In April, the government amended the country’s FDI rules, which now state that FDI investments into India by an entity of a country that shares a land border with India, or when the beneficial owner of investment into India is in or is a citizen of such a country, can invest only under the government route. India also banned certain Chinese apps, including popular social media platforms TikTok and WeChat.


What is the likely impact on the tech industry?

According to The Print, the revised FDI rules will slow down the pace of Chinese investments in India’s technology-driven businesses and will act as speed-breakers that halt the march of Chinese investments in India’s technology.
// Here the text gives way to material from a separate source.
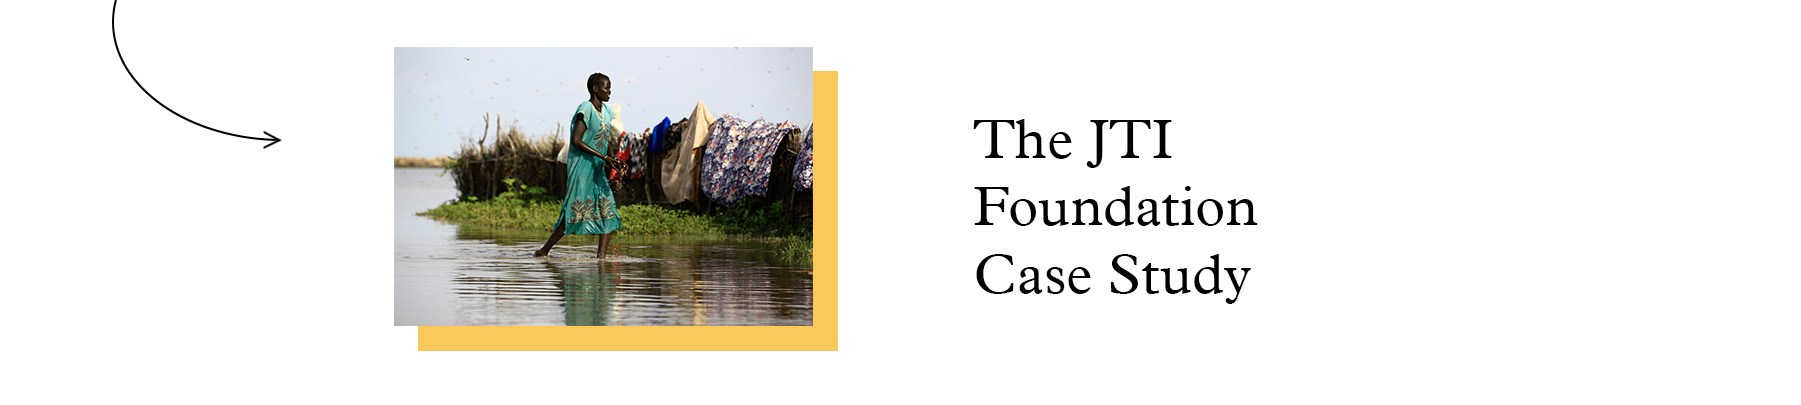 Strategic Alignment Case Study - The JTI Foundation

Companies will now have to adhere to stricter compliance norms in order to invest in India.

While many have welcomed the changes in the FDI rules, some worry that the impact may not be favourable for businesses. According to Santosh Pai, partner and head of the China desk at Link Legal India Law Services, the immediate impact is the uncertainty surrounding ongoing transactions. “Chinese venture capital funds which have signed term sheets might not be able to complete transactions and remit their investments in a timely manner due to the uncertainty surrounding the newly introduced FDI approval process,” he says.

The amended rules may also slow down Indian start-ups, as the Financial Times reported that two-thirds of start-ups valued at more than $1 billion now have at least one Chinese venture capital firm as an investor.

What additional policy changes might be implemented?

While the Indian government has brought about these changes, it is unlikely there may be any further major policy changes in the immediate future. Pai says that a new equilibrium will emerge, which will indicate which venture capital investments are favourable and which are sensitive.

“Such clarity will help VC funds refine their India strategies. Structuring of funds will undergo a transformation to suit Indian regulatory preferences,” Pai says. “This might include some innovative financing models that are already popular in China such as the VIE structure that became hugely popular as a method to circumvent China’s FDI prohibition in the internet sector when Sina, Alibaba and others raised funds in the U.S.,” he notes.

Meanwhile, Indian startups are reportedly looking to fill the void left by Chinese apps, and certain Silicon Valley venture capital funds have even issued open pitch invitations to such founders.

“While this might solve the funding gap it remains to be seen whether such startups will be able to scale their business models and successfully pivot towards new trends without obtaining insights into the Chinese ecosystem,” Pai says.

How will India’s tech industry evolve as a result?

The implementation of the amended rules now implies that, for example, an American company can invest in India without placing its proposal before the government, but a Chinese company can’t do the same. Due to this, it may take a while before the tech industry in India is able to adapt to these new changes.

According to Pai, the growth of the Bharat model targeting the non-urban Indic language market, which was favoured by Chinese venture capital investors, might be stymied. It is also feared that valuations of Indian startups might dip because Chinese VC funds were known to be generous in their valuation methodology.

Although the situation may seem a little bleak at the moment, the new laws might actually open new doors for the Indian technology industry. As Pai says, “Not all of these are negatives as a course correction some-times injects maturity and eliminates bubbles in a fast-growing space.”